06:56:26 [mwext-node20-docs-publish] $ /bin/bash /tmp/jenkins8055869012480843700.sh
06:56:26 + set +x
06:56:26 + exec docker run --entrypoint=/usr/bin/find --user=root --volume /srv/jenkins/workspace/mwext-node20-docs-publish:/workspace --security-opt seccomp=unconfined --init --rm --label jenkins.job=mwext-node20-docs-publish --label jenkins.build=4818 --env-file /dev/fd/63 docker-registry.wikimedia.org/bookworm:latest /workspace -mindepth 1 -delete
06:56:26 ++ set +x
06:56:27 [mwext-node20-docs-publish] $ /bin/bash -xe /tmp/jenkins4038843988122693634.sh
06:56:27 + echo 'Listing potentially remaining files in workspace for T282893'
06:56:27 Listing potentially remaining files in workspace for T282893
06:56:27 + ls -laF --color=always
06:56:27 total 8
06:56:27 drwxr-xr-x  2 jenkins-deploy wikidev 4096 Sep 21 10:56 ./
06:56:27 drwxrwxr-x 20 jenkins-deploy wikidev 4096 Sep 21 10:53 ../
06:56:27 [mwext-node20-docs-publish] $ /bin/bash -xe /tmp/jenkins14690048591247215757.sh
06:56:27 + set -u
06:56:27 + rmdir /srv/jenkins/workspace/mwext-node20-docs-publish
06:56:27 Finished: FAILURE

As a result, the CodeMirror docs are not being updated. I tried to repeat what was done before, but I am not a member of the integration VPS project.

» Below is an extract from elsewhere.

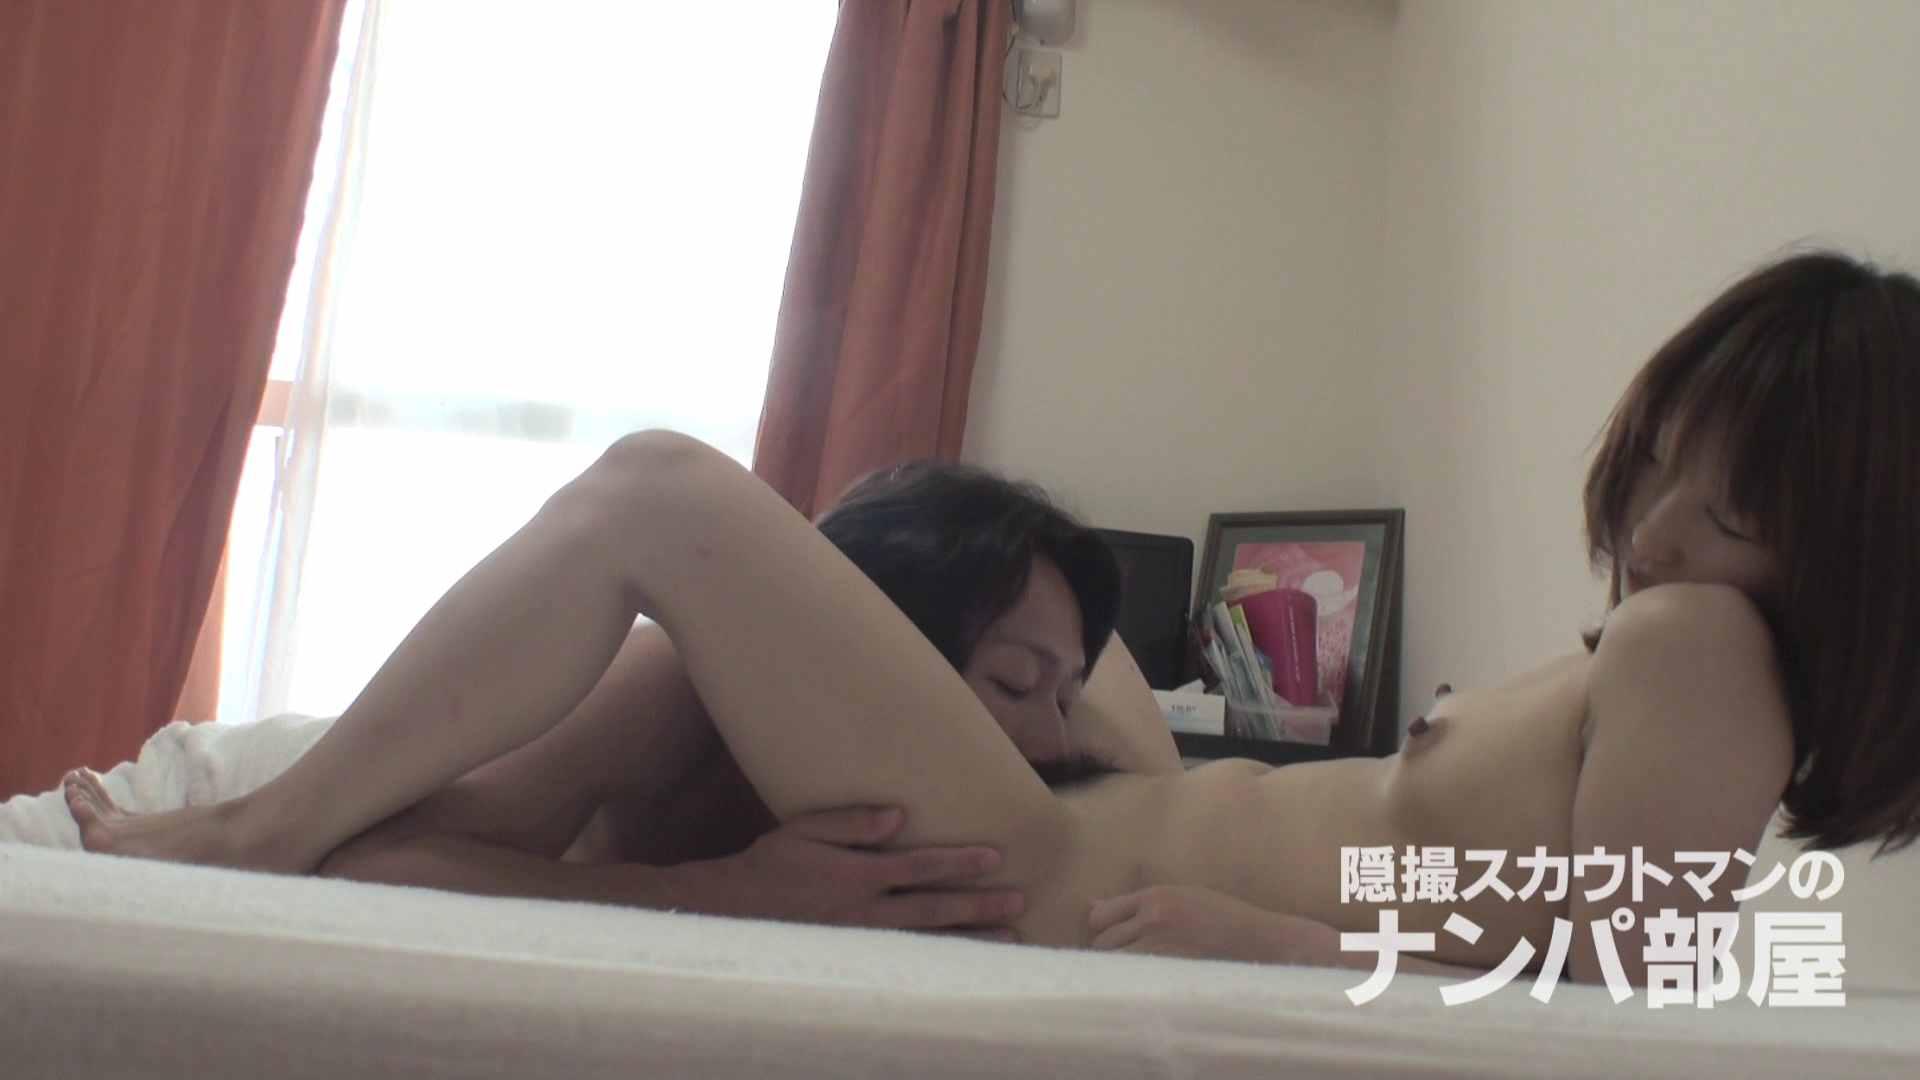 隠撮スカウトマンのナンパ部屋~風俗デビュー前のつまみ食い~ sii 隠撮  68連発 60

I'd say for CodeMirror, we need to bust the cache maybe 1-2 times a month. I'm wondering if I could possibly be added to the integration project so that I can clear the cache myself?

Event Timeline

Mentioned in SAL (#wikimedia-releng) [2025-09-22T10:10:09Z] <James_F> sudo -u jenkins-deploy rm -rf /srv/castor/castor-mw-ext-and-skins/master/mwext-node20-docs-publish/ # T405166

Should now be fixed.

I'd say for CodeMirror, we need to bust the cache maybe 1-2 times a month

That seems extremely high; this is possibly made worse by the recent work to remove CI recursal, perhaps?

I'd say for CodeMirror, we need to bust the cache maybe 1-2 times a month

That seems extremely high; this is possibly made worse by the recent work to remove CI recursal, perhaps?

I'm not sure, but CodeMirror makes heavy use of NPM modules. Occasionally we need to bump packages, and I suspect that contributes to why this issue happens to CodeMirror so often.